Background information
- Born: Michael Anthony Tatsuo Paulo May 19, 1956 (age 70) Honolulu, Hawaii, United States
- Genres: Jazz
- Occupation: Musician
- Instrument: Saxophone
- Website: michaelpaulo.com

= Michael Paulo =

American saxophonist (born 1956)

Michael Anthony Tatsuo Paulo (born May 19, 1956) is an American saxophonist.

==Biography==
Paulo was born and raised in Hawaii and is the son of pianist Rene Paulo. He is of Filipino and Japanese descent through his parents.
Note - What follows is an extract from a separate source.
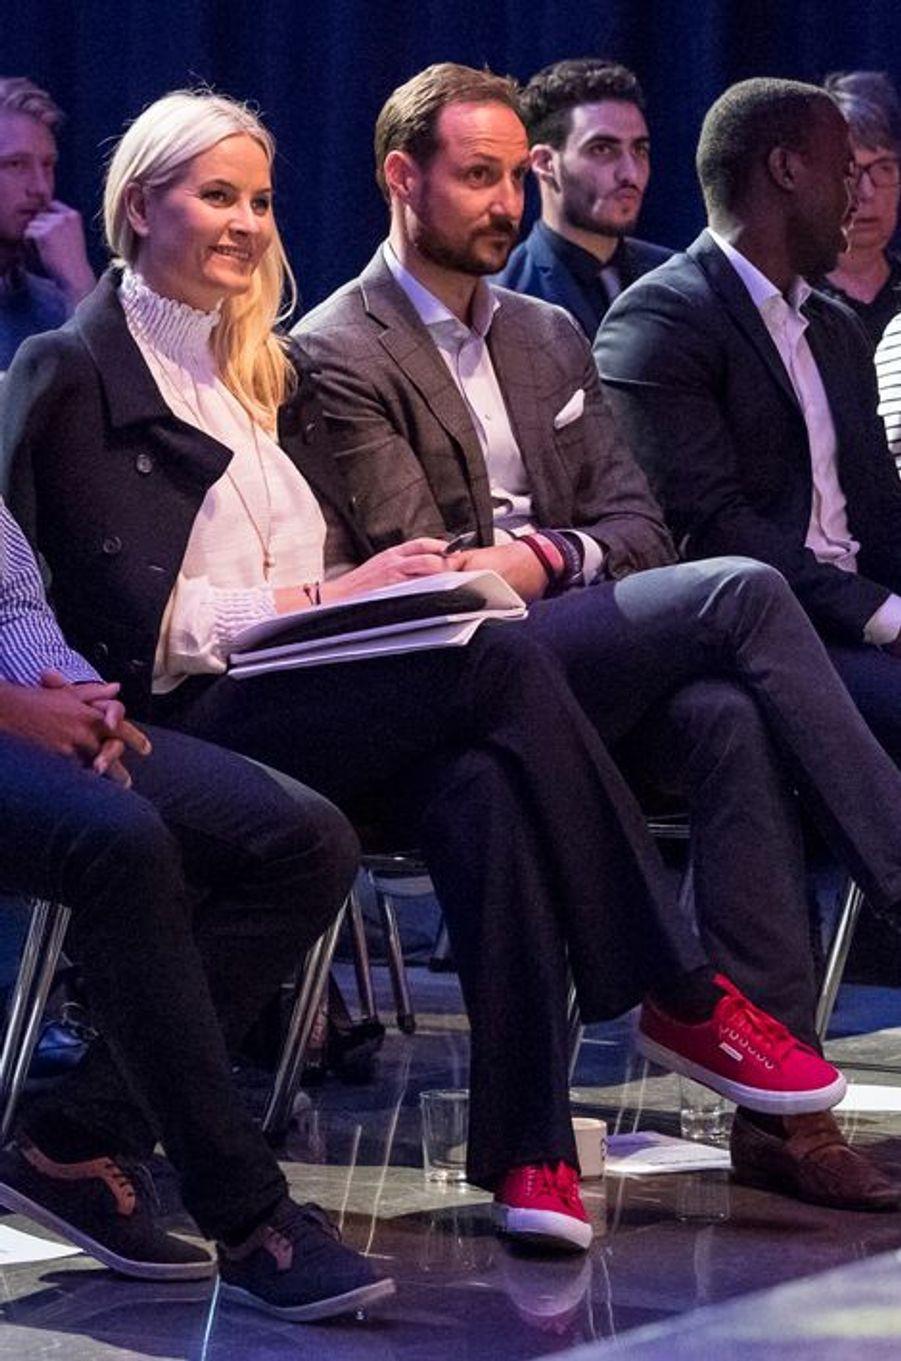 Plutôt que d'élégants escarpins à talons, la princesse Mette-Marit de Norvège a dégainé ce jeudi 31 mars au soir des baskets rouges pour se rendre avec son époux le prince Haakon à une conférence en lien avec la jeunesse.Chaque dimanche, le Royal Blog de Paris Match vous propose de voir ou revoir les plus belles photographies de la semaine royale.

He began playing the saxophone at the age of 15. After graduating from Saint Louis High School, he had the opportunity to attend North Texas State University on a music scholarship, but instead chose to join Hawaiian pop/rock band Kalapana, featuring on their four albums from 1975 to 1979. He recorded his first solo album, "Tats" in the Rainbow, which was released in Japan in 1977.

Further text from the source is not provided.